I’m reflecting back to my performance at the Fourth Portal’s poem and spoken word event in Gravesend. I must admit I never really opened myself up to the possibility that the event would turn out the way it did, but what surprised me even more was that the issues I was expressing in my performance really did begin to bubble up to the surface.
Now don’t get me wrong, with very little time to practice I was anticipating that I was gonna mess my performance up a couple of times but…I didn’t expect myself to freeze in a moment purely because I was getting overwhelmed by just how strong my emotions were.
I’ve written about this before in the past but sometimes I honestly write somethings down in my music because I believe it’s either what people want to hear or it’s simply something that sounds cool: sometimes curiosity drives me to the places that I go to both emotionally and psychologically.

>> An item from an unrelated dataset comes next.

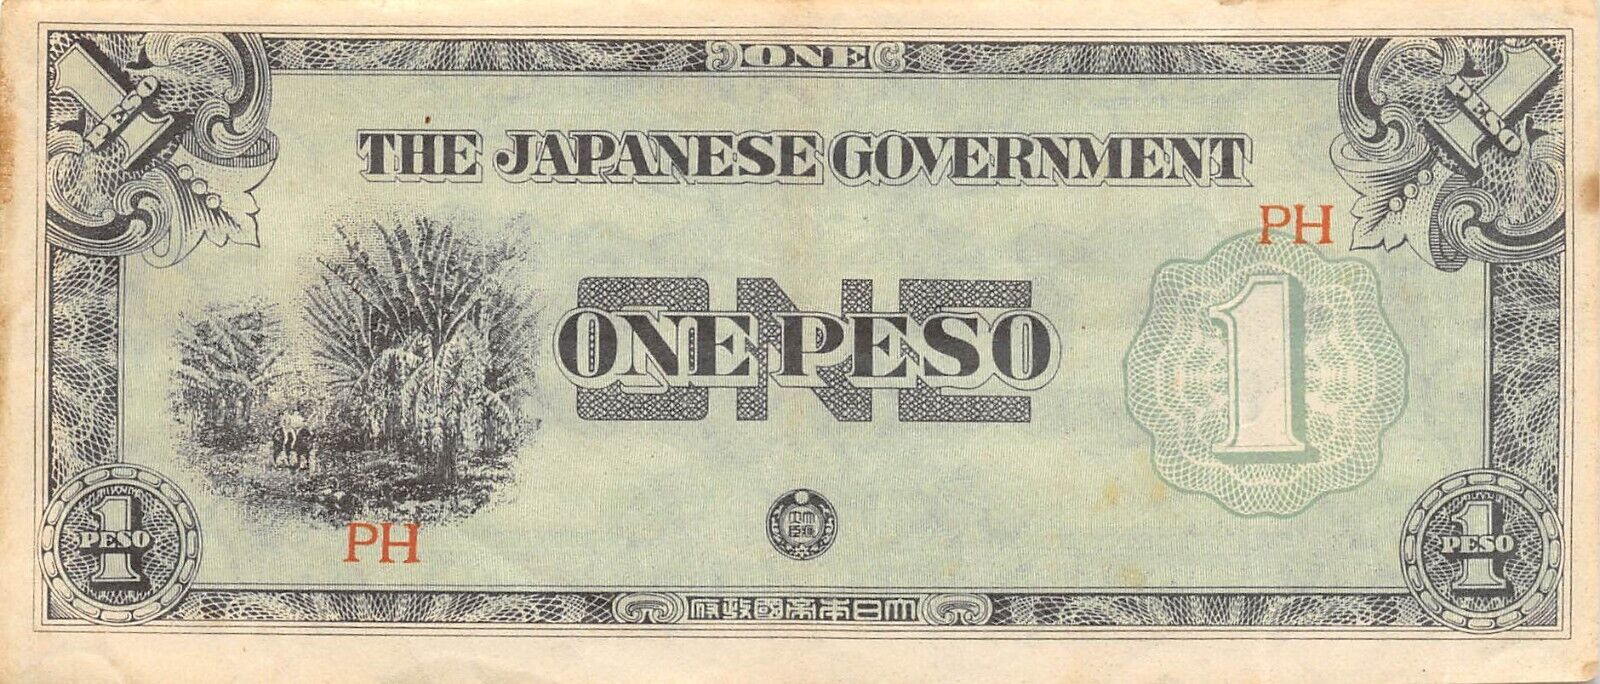 Philippines 1 Peso  Nd. 1942  Block Ph  Ww Ii Issue Circulated Banknote

It seems bizarre me thought that sometimes the very things I feel I’m simply curious about, are actually things that have been lodged and buried deep in a place I never knew harboured such strong negative emotions.
I guess it turns out I’m a lot more vulnerable than I thought I was, that things are still hurting me deep within despite the fact that I’ve somehow been able to mask myself from it, and maybe I’m right to continue to express myself in an effort to uncover just how serious my issues actually are.
I’ve been told I often speak from the heart, and maybe that’s the reason why I spend so much time doing it. Maybe I do have some things that I need to get off my chest, and it makes me glad that I’ve chosen to invest myself into this passion.